- Born: Kwamena Akyempong c. 1820 Winneba
- Died: July 30, 1897 (aged 76–77)
- Predecessor: King Henry Acqual
- Successor: King Kodwo Abeka
- Parents: King Gyateh Kumah III (father); Obaapanyin Ekua Kaadze (mother);

= King Ghartey IV =

King Ghartey IV (born Kwamena Akyempong; c. 1820 – July 30, 1897) was the king of Winneba, enstooled in 1872. He became king after the death of King Henry Acqual, alias Kwesi Eguasi. He was the first President of the Fante confederation. He was a politician, author, entrepreneur, statesman, innovator and philanthropist. He was a leading figure in the business transactions which flowed from the Gold Coast to Britain to France. He was succeeded by King Kodwo Abeka (George Acquah Robertson).

== Biography ==
He was born in 1820 at Winneba and named Kwamena Akyempong. His parents are King Gyateh Kumah III and Obaapanyin Ekua Kaadze, who was a princess of Senya Beraku.

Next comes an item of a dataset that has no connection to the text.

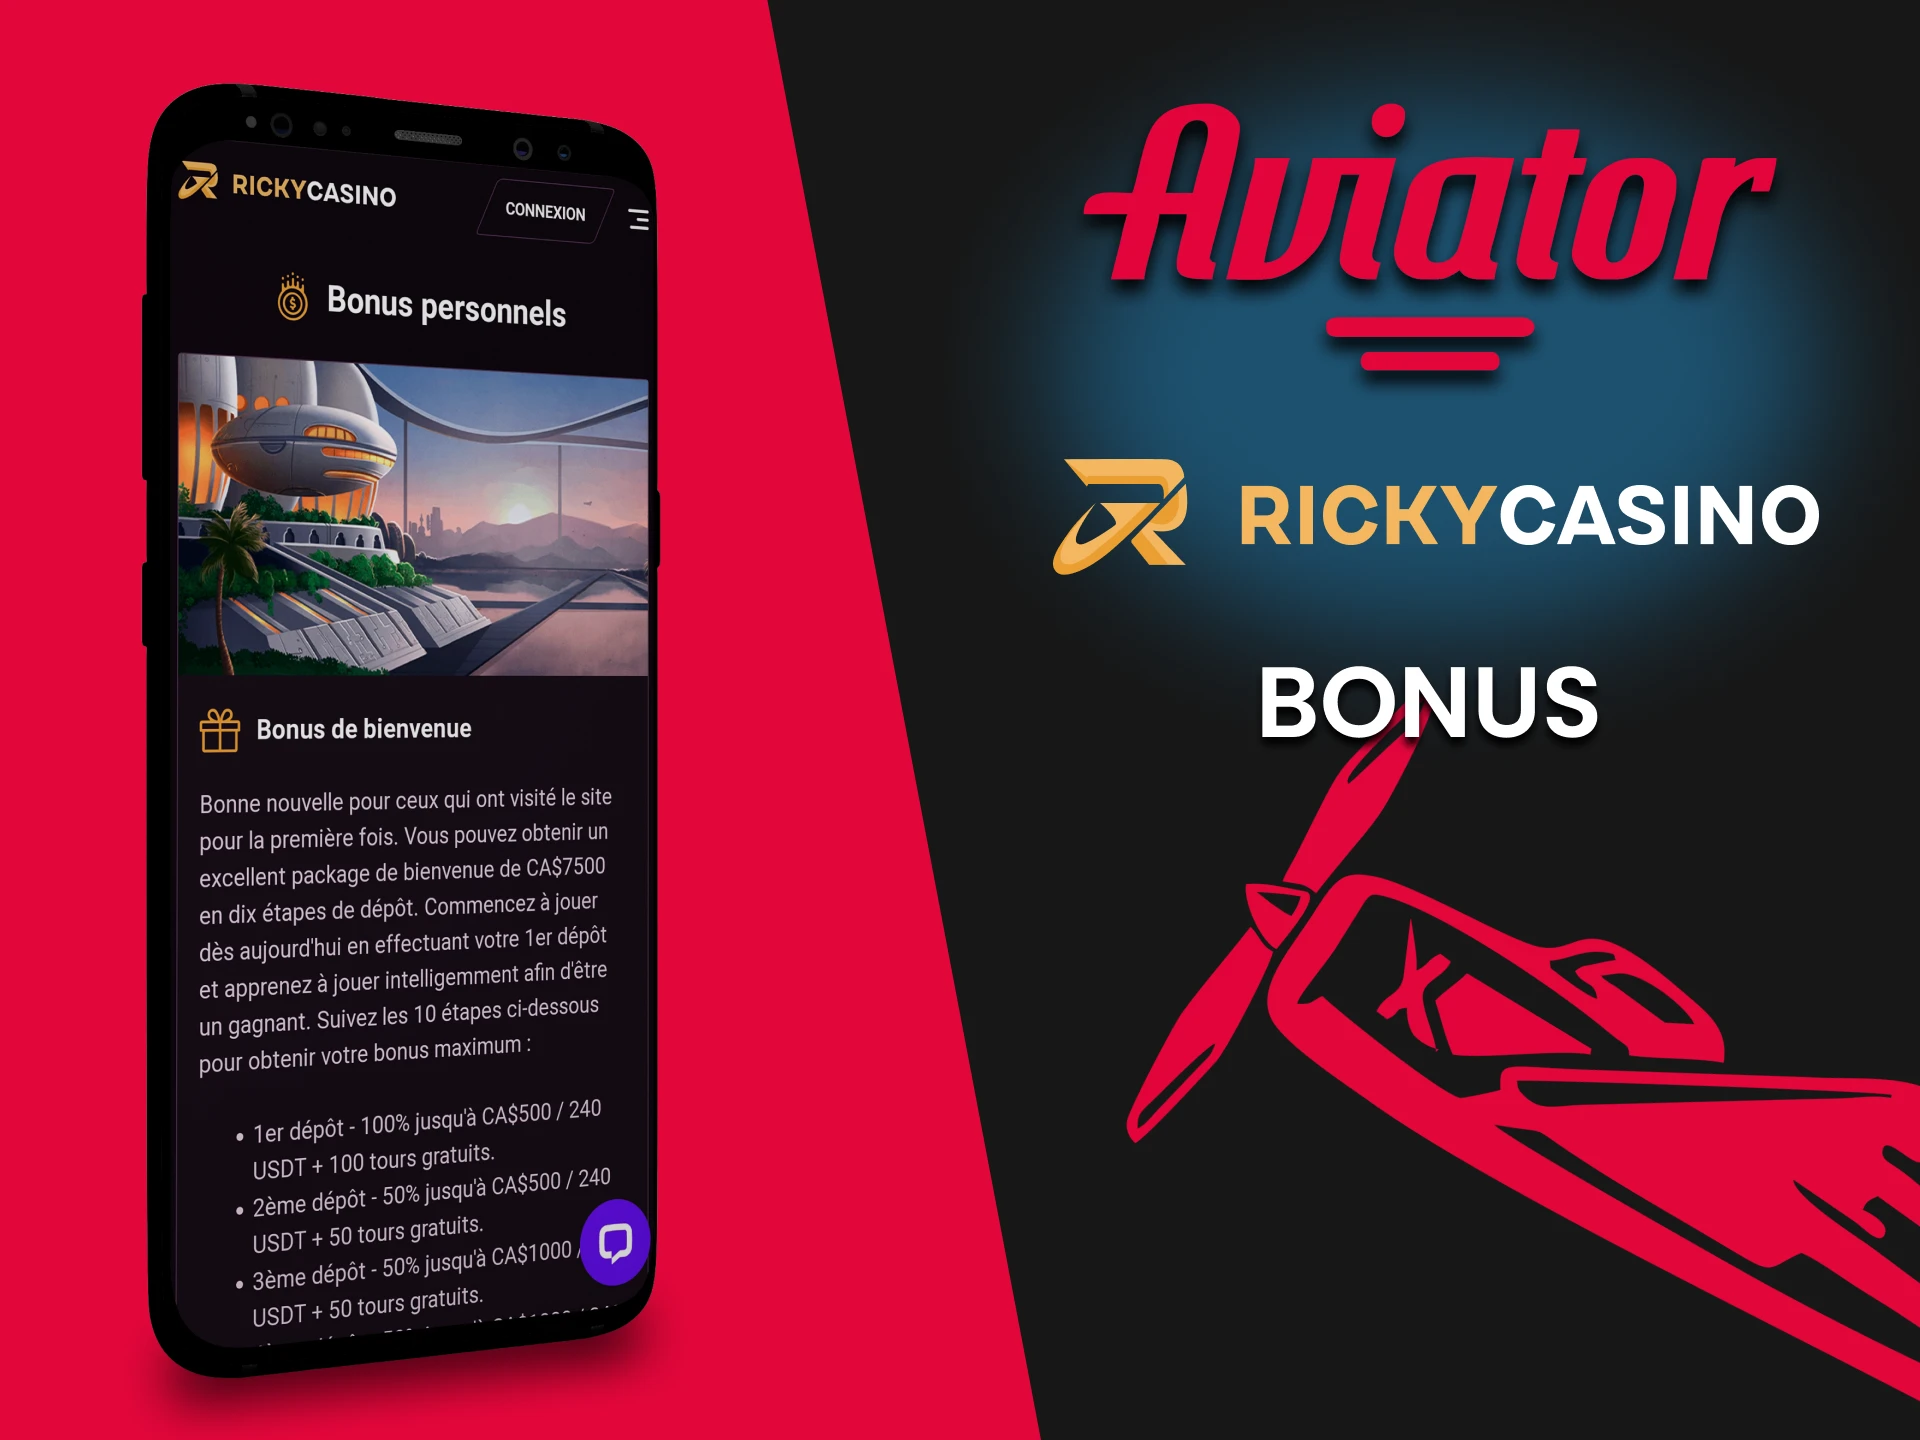 L'application Ricky Casino offre des bonus aux joueurs Aviator.

During his career, Mynheer Stooves gave him the name Robert Johnson Ghartey due to his intelligence and his father's name " Gyatɛ (Lion)" was anglicized to "Ghartey". His wife was Sarah Efuwa Betse Ghartey. He did not have any formal education. He was able to read and write by reading books given to him by Mynheer Stooves. Through this, he was able to speak English, Dutch and Portuguese. He was very religious. He died on July 30, 1897.

== Career ==
As a young boy living in a fishing community, he worked as a fisherman. Afterwards, he worked as a cooper in the factory of Stooves at Apam.Later, he was transferred to Elmina and then to Shama where he worked for 14 years. He established his personal enterprise at Anomabu which he named Ghartey Bros. He worked with the European firm at Winneba. In 1867, he was appointed treasurer then later, a magistrate for the town court by King Kofie Afedsi and the chiefs of Anomabu.

== Achievements ==

- He dug a bore-hole at Anomabu which became the only source of water for the people at a cost of £150.
- He also introduced the cover shoulder dress;Kabasrotu currently known as " Kaba fashion style" to aid cover the upper part of the body of the Fante women who went about their daily activities bare-chested. He started this initiative first on his maidservants then on the girls at his temperance society.
- He created the "band of hope" which sung at church services and at funerals, using the girls at the Temperance society and his maidservants
- In 1864, he measured the distance from the coast to Ashanti using his pocket watch at three miles an hour.
- In 1864, he published a pamphlet entitled "A guide to coomassie".
- He became the first King-President of the Fante confederation.
- He instituted a branch of Temperance Society at Anomabu with the help of Revds. T.B. Freeman, J. A. Solomon, J. Fynn and Messrs John Ogoe, J. E. Sampson among others.
- He promoted the mining of gold and the timber industry in the Gold Coast.
- In his reign as king, he invited European merchants to establish in winneba for rapid development of winneba.
- He pioneered the cracking of palm nuts and its exportation in the gold coast.